The throttles 20a, 21a, 22a, 23a, 24a, and 25a prevent lubricating oil from flowing back to the hole 19d of the shaft due to dynamic pressure or static pressure at the sliding portion.

In the present embodiment, the description has been given of the vane pump type oil supply mechanism. However, in the vane pump type, since the supply pressure of the lubricating oil is higher than in other systems, the present embodiment supplies the lubricating oil by a differential pressure. In this case, the most advantageous method is used. However, it goes without saying that other methods using springs or blades are effective as long as the pressure inside the closed casing is high.

In this embodiment, the case where the space and the radial passage are provided in the shaft has been described. However, it goes without saying that the same effect can be obtained even in the bearing side.

Effect of the Invention As is clear from the above description, the present invention provides a cylinder and
A main bearing and a sub-bearing fixed to both ends of the cylinder, a shaft rotatably housed in the main bearing and the sub-bearing and having a crank, a roller fitted to the crank of the shaft and eccentrically rotating in the cylinder, and a groove in the cylinder Mechanism body composed of a vane reciprocating inside and abutting on a roller, an oil supply mechanism connected to the machine body, a sliding portion between a main bearing and a sub bearing and a shaft, and a sliding portion between a crank and a roller. And a plurality of radial passages communicating with the space and the sliding portion and including a throttle and an oil introduction portion, so that the dynamic pressure and the static pressure are provided. And a bearing configuration utilizing both of them can be obtained, and there is an effect that the load resistance of the bearing can be improved.
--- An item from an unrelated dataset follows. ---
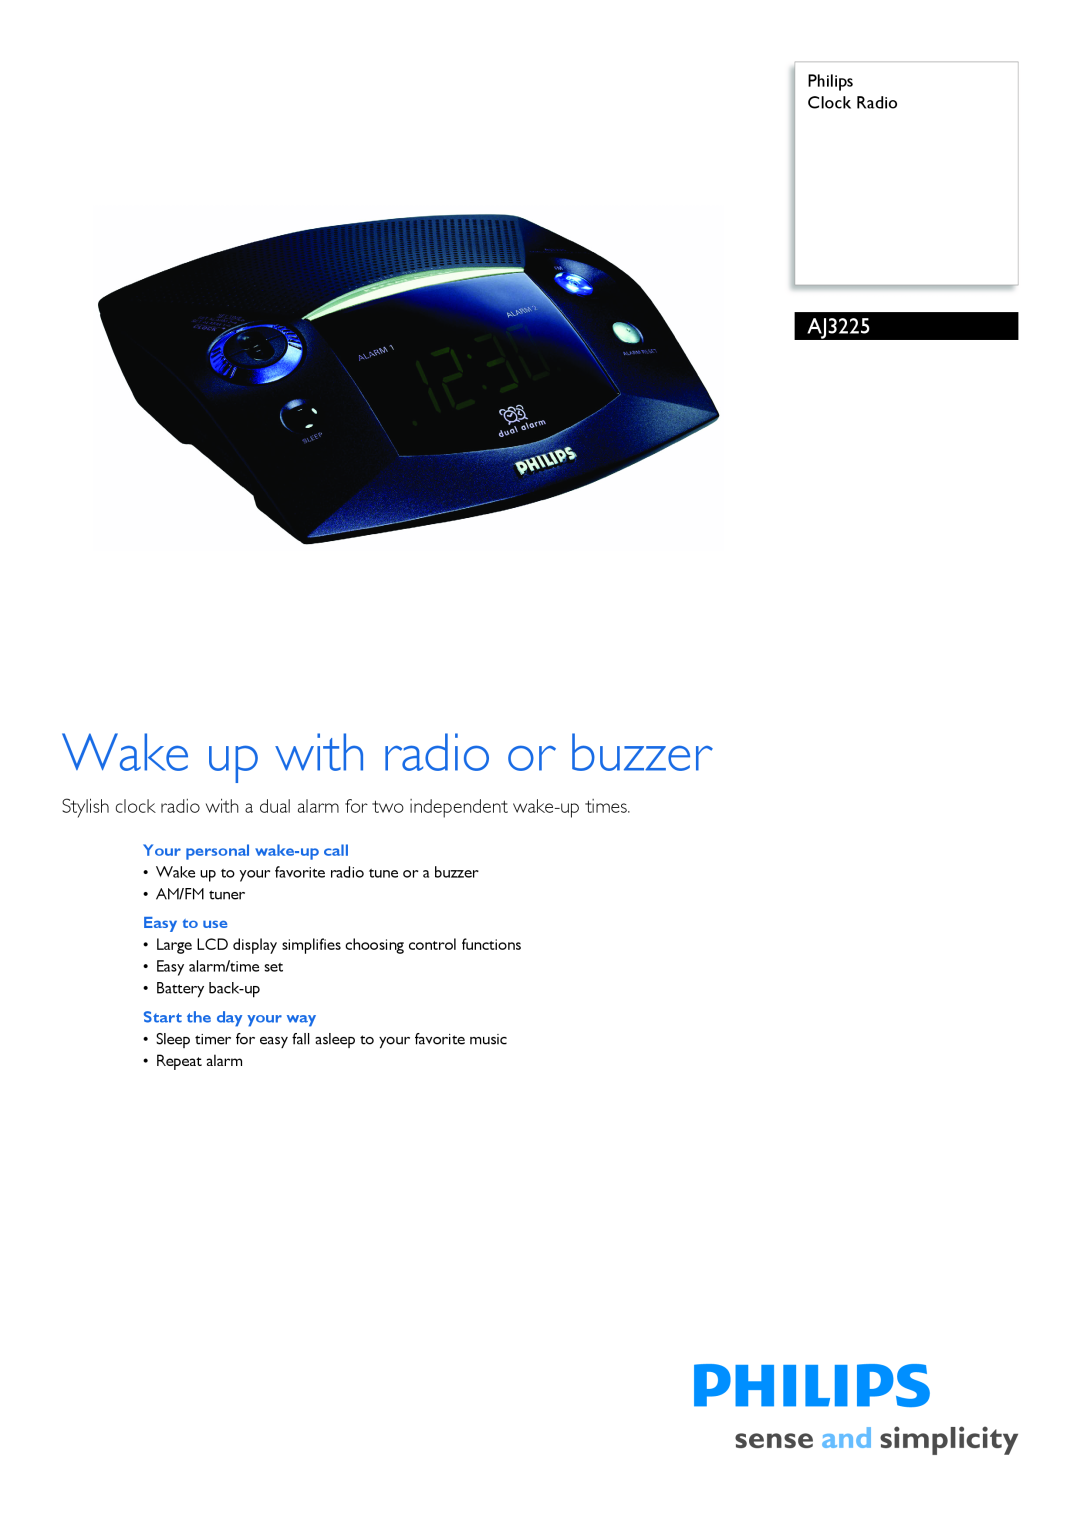 Philips AJ3225/79 manual Wake up with radio or buzzer, Philips Clock Radio, Easy alarm/time set Battery back-up 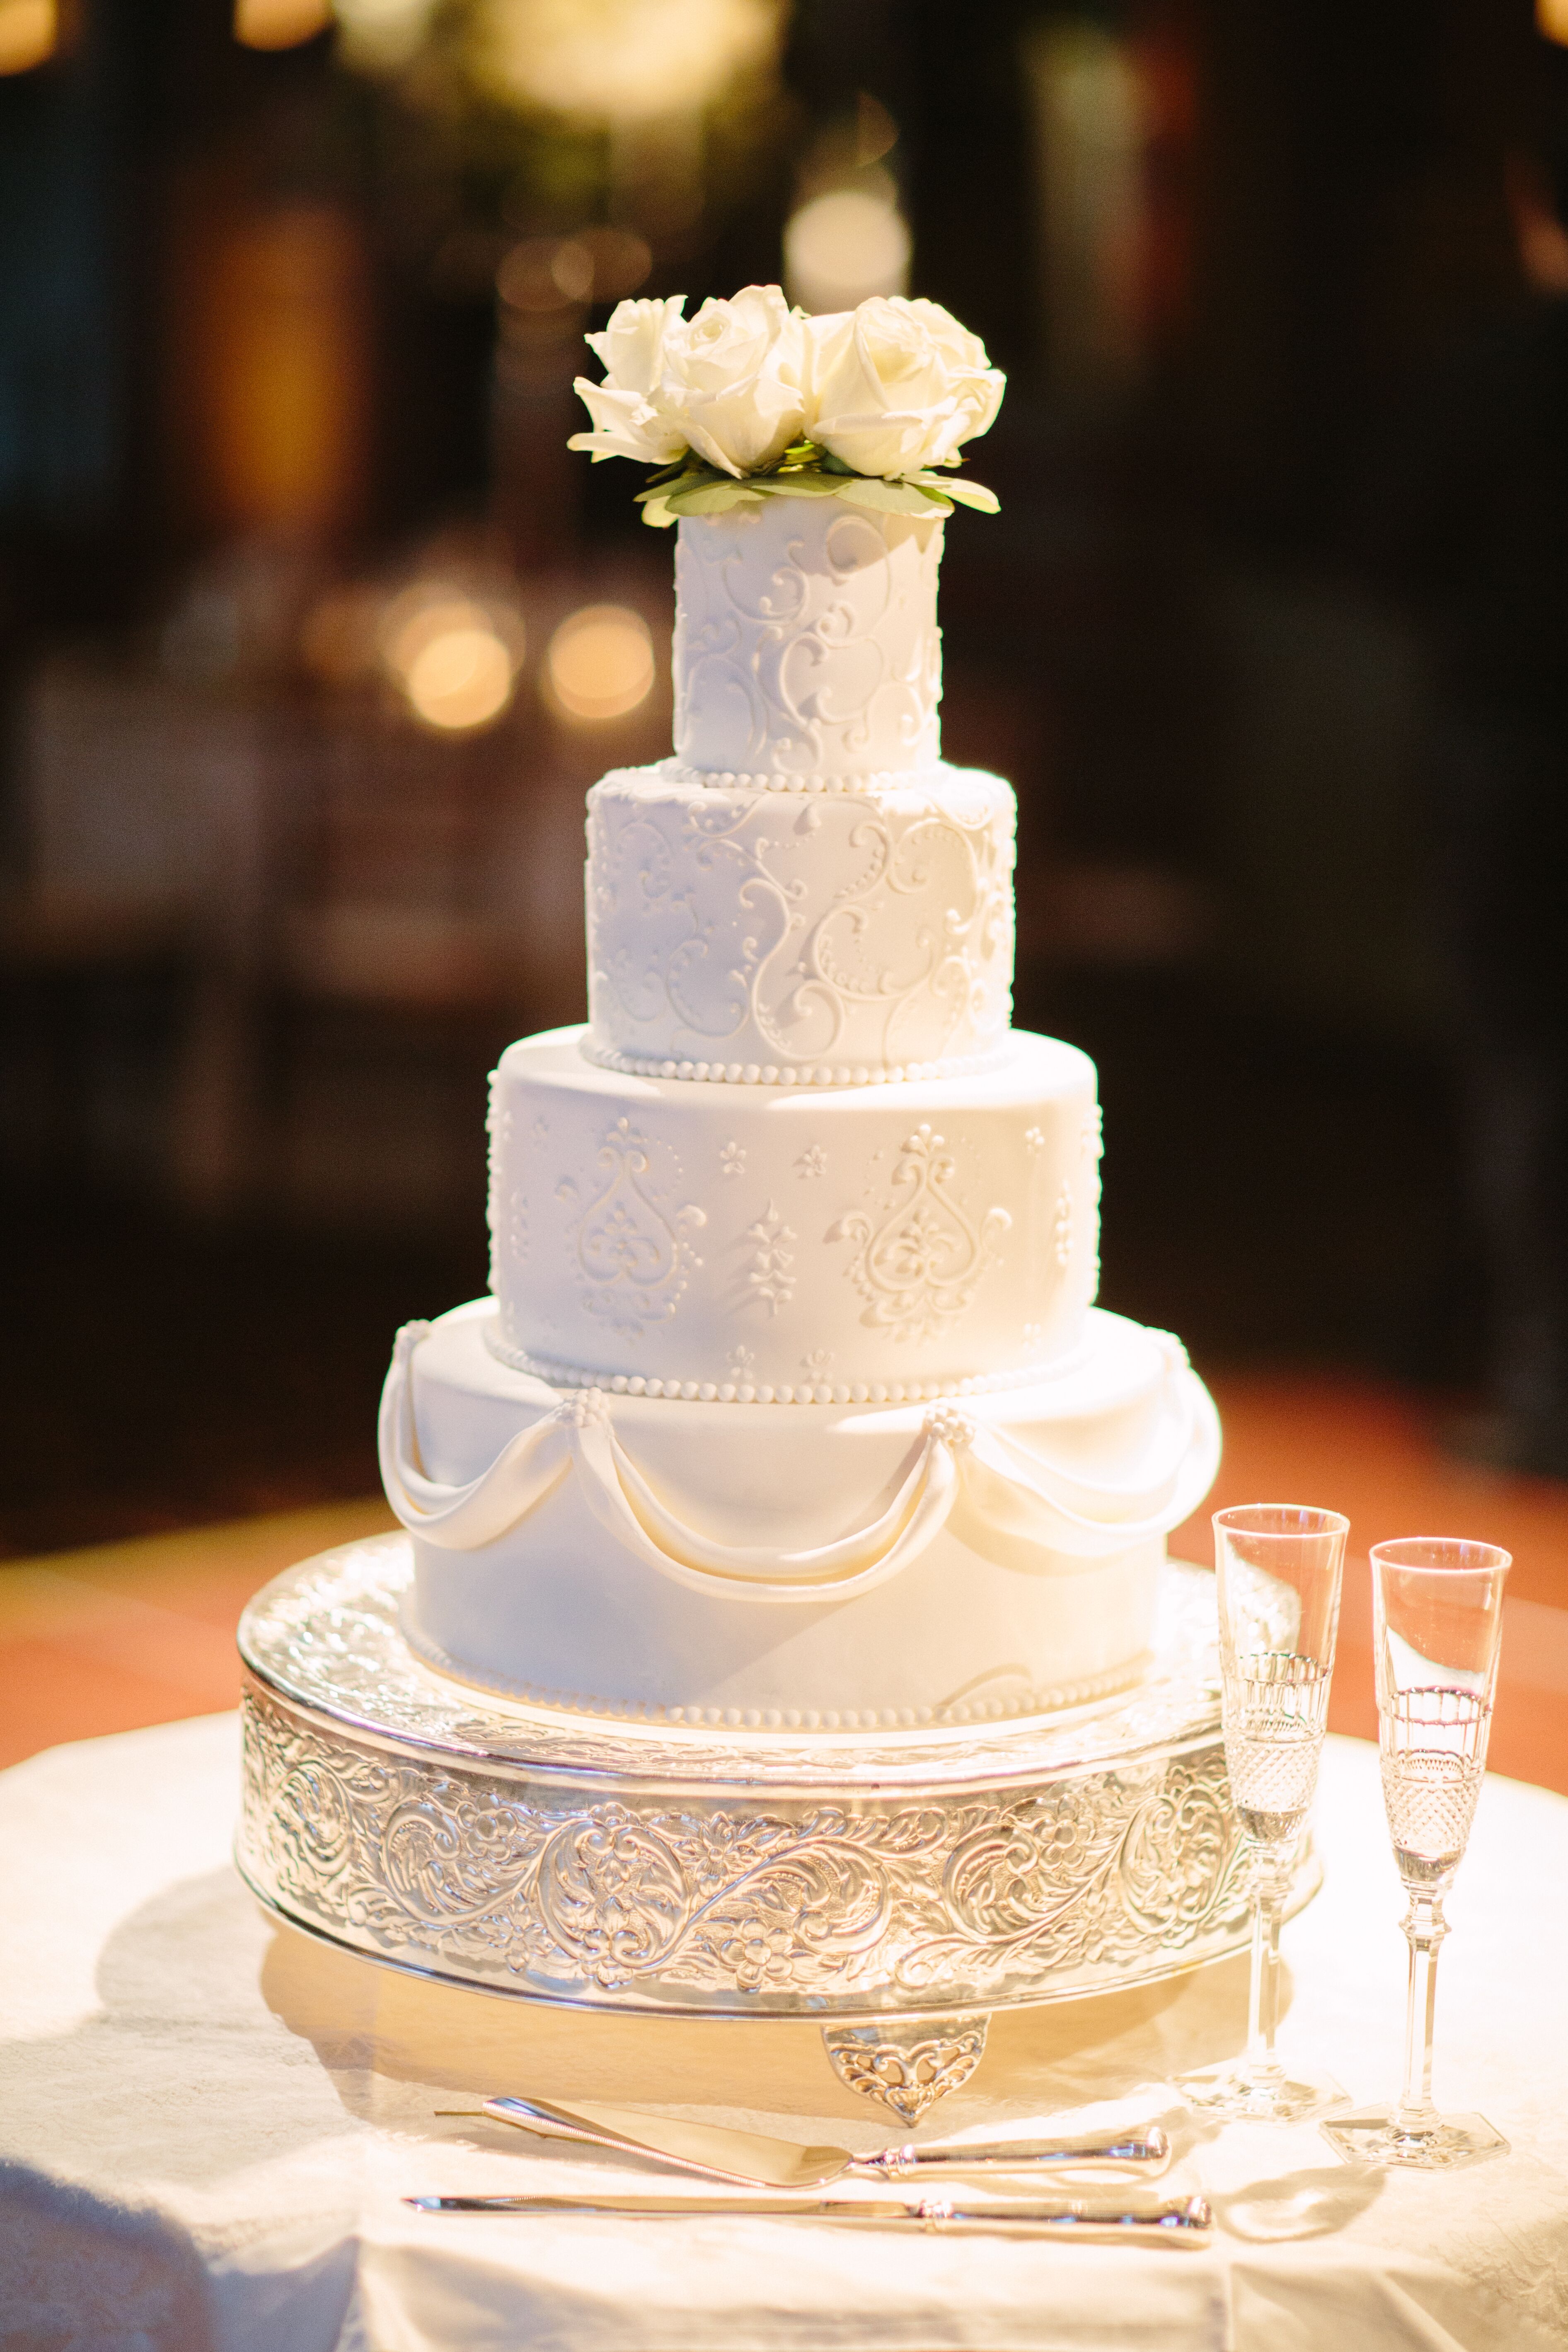 Classic White Wedding Cake With Unusual Flavors

[Brief description of the drawings]

FIG. 1 is a sectional view of a rotary compressor showing one embodiment of the present invention, and FIG. 2 is an enlarged sectional view of a bearing section taken along line II-II 'of FIG. FIG. 3B is a cross-sectional view showing the flow and pressure of lubricating oil from the radial direction of the shaft, FIG. 3 is a cross-sectional view of a conventional rotary compressor, and FIG. FIG. 4 is a sectional view taken along line IV-IV ′ of FIG. 4 ... Cylinder, 5 ... Roller, 6 ... Vane, 7 ...
Main bearing, 8 ... Bearing bearing, 9 ... Mechanical part body, 12 ... Lubricating mechanism, 19 ... Shaft, 19d ... Hole, 20,21,22,23,24,25
... radial passages, 20a, 21a, 22a, 23a, 24a, 25a ... throttles, 20b, 21b, 22b, 23b, 24b, 25b ... oil introduction section.

Claims (1)

(57) [Claims] 1. A cylinder, a main bearing and a sub-bearing fixed to both ends of the cylinder, a shaft rotatably housed in the main bearing and the sub-bearing, having a crank, and fitted to a crank of the shaft. A mechanical unit main body composed of a roller eccentrically rotating in the cylinder, a vane reciprocating in the groove of the cylinder and abutting on the roller, an oil supply mechanism connected to the mechanical unit main body, the main bearing and the auxiliary A space provided near a sliding portion between a bearing and the shaft and a sliding portion between the crank and the roller and connected to an oil supply mechanism, a space communicating with the sliding portion, a throttle, and an oil introducing portion. Rotary compressor having a plurality of radial passages.